This is again with respect to the node-oracledb driver (Oracle Database driver for Node.js). I have adjusted the code once again to eliminate any requirement for an Oracle database. I'll attach the test case shortly after this issue is created.

For Oracle Objects I have created a class dynamically at run-time based on the name. This can be seen in the test case as a call to conn.getDbObjectClass(). Internally, the call to conn.getDbObjectClass() calls into a C module which then makes a call to conn._getDbObjectClassJS(). This function then builds the class and stores the result in a cache on the connection called _dbObjectClasses.

When the connection is closed by a call to conn.close(), I have to iterate over the entries in the cache and deliberately break the prototype chain; otherwise, the classes that are built are never garbage collected.
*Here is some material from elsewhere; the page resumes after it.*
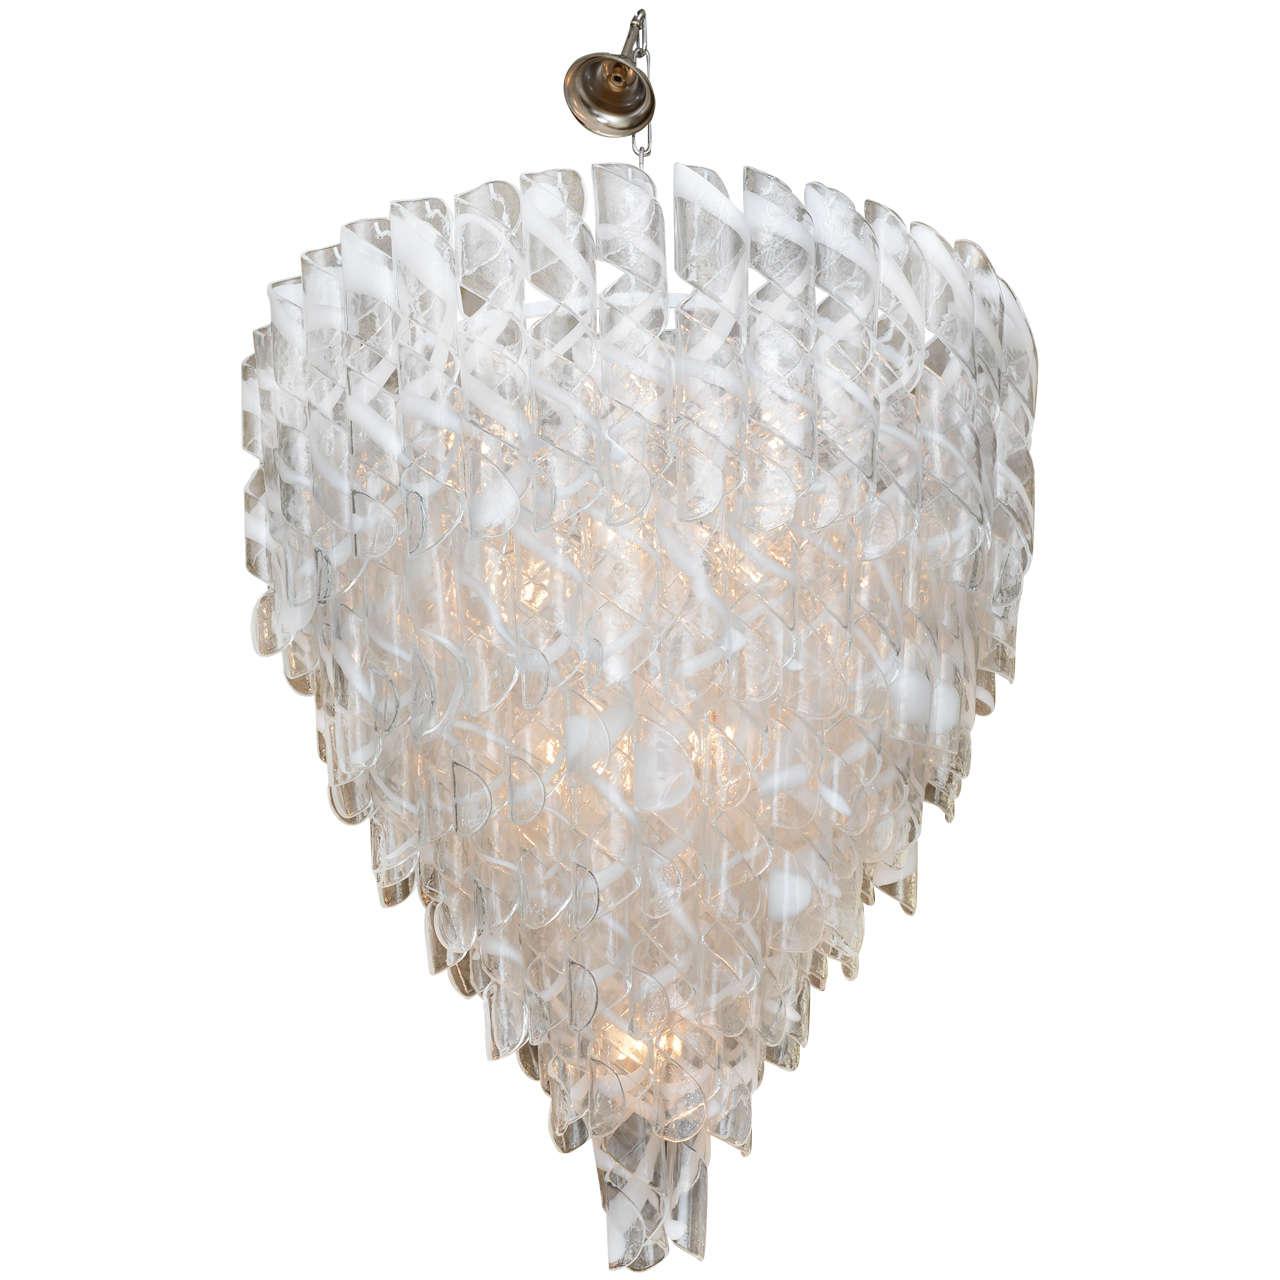 Glass Chandelier Modern: Monumental Italian Modern Glass Chandelier, Mazzega 1,Lighting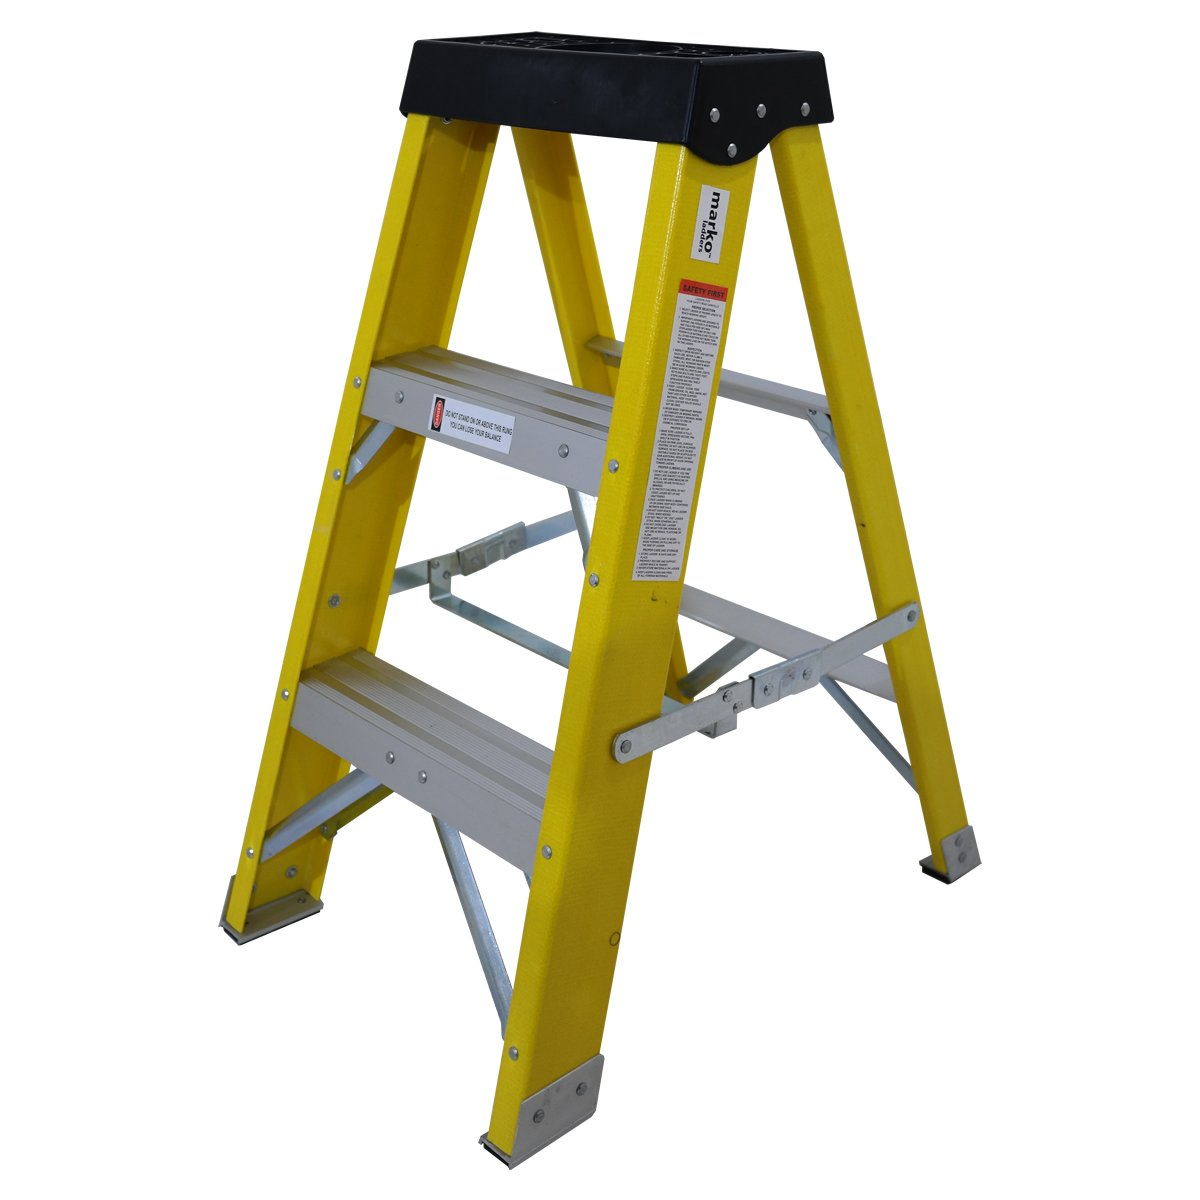 2 + 1 Step Electricians Heavy Duty Fibreglass Step Ladder 30000V Tread Fibre Amazon.co.uk DIY u0026 Tools  sc 1 st  Amazon UK & 2 + 1 Step Electricians Heavy Duty Fibreglass Step Ladder 30000V ... islam-shia.org

But, even if I do that and the classes are garbage collected, there is still a memory leak. The pattern shows that there are periods of relatively stable memory usage followed by jumps in memory usage. The periods of stable memory usage grow longer as the number of iterations increases but the jump in memory also increases. It would seem that a list of some kind is being populated with intermittent, increasing size allocation. Looking at the heap memory in the Chrome development tools indicates that the memory is all found in noscript_shared_function_infos -- but I'm not sure what that means! Interestingly, though, if I remove the call to napi_define_properties in njsDbObjectType_populate(), the memory leak goes away.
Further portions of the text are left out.